Getting pregnant without the help of a fertility specialist when you're older takes longer for many women. Your eggs may be lower in quality than they were when you were younger, and you may not ovulate as regularly as you once did. If it's taking you and your partner awhile to conceive, talk with your doctor about knowing when you're ovulating, so you can time your attempts better. If several months have passed without any success, talk with your doctor about your options. About half of women 40 and older have fertility problems.

Fertility Assistance

Many women after age 40 need the help of a fertility specialist to become pregnant. One common method is known as ovulation induction, and it involves the use of medications to increase the number of healthy, mature eggs produced by the ovaries, which in turn increases your chances of conception. You also may benefit from in-vitro fertilization, which involves the extraction of eggs from the mother and uniting them with sperm in a laboratory. The fertilized eggs are then implanted back in the mother's uterus.

Career Concerns

If you're older than 40, chances are you're established in a career. So being pregnant and taking some time off when you have a baby can cause a great deal of concern among many women. Familiarize yourself with your employer's maternity policy and keep an open line of communication with your employer about your due date, time you want to take off after the delivery and any other concerns you might have about doctor appointments or other matters during your pregnancy.

Health Risks

Your risk of a miscarriage increases with age.
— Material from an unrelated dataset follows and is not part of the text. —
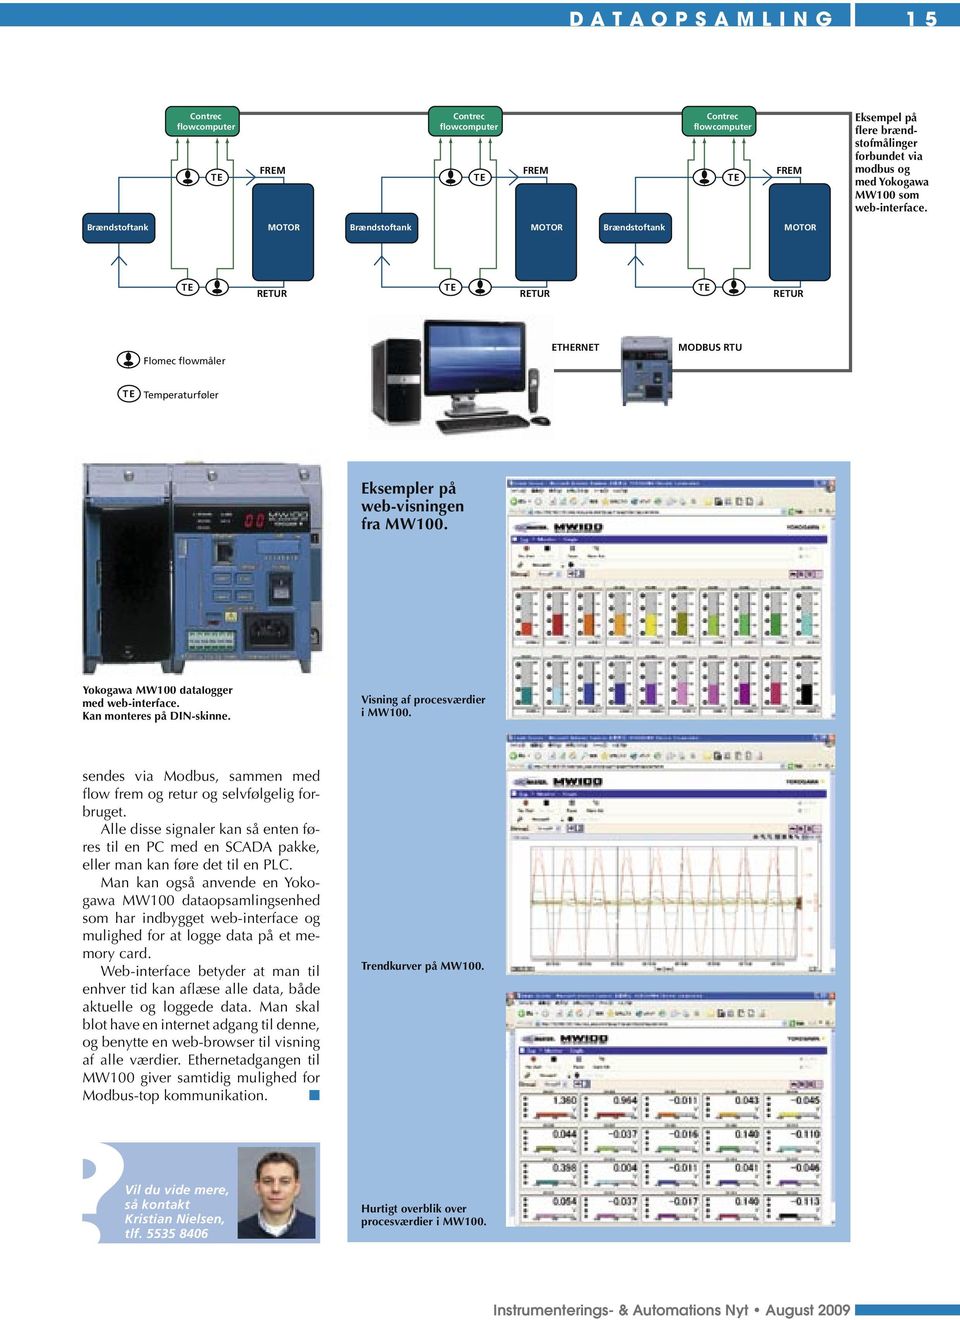 Yokogawa MW100 datalogger med web-interface. Kan monteres på DIN-skinne. Visning af procesværdier i MW100. sendes via Modbus, sammen med flow frem og retur og selvfølgelig forbruget.

After age 40, your risk of a miscarriage is more than 35 percent. The big worry for many older mothers is the risk of birth defects and conditions such as Down syndrome. While the chances of problem pregnancies do go up as you get older, remember that many women in their late 30s and 40s who take care of their health and follow healthy guidelines while pregnant can have healthy babies.

Healthy Pregnancy Tips

Follow your doctor's advice about taking prenatal vitamins, avoiding alcohol, controlling diabetes and blood pressure and avoiding smoking and second-hand smoke. Eat healthy foods, but avoid such things as fish that can be high in mercury, as well as undercooked meat, which can be a source of toxoplasmosis, an infection associated with birth defects.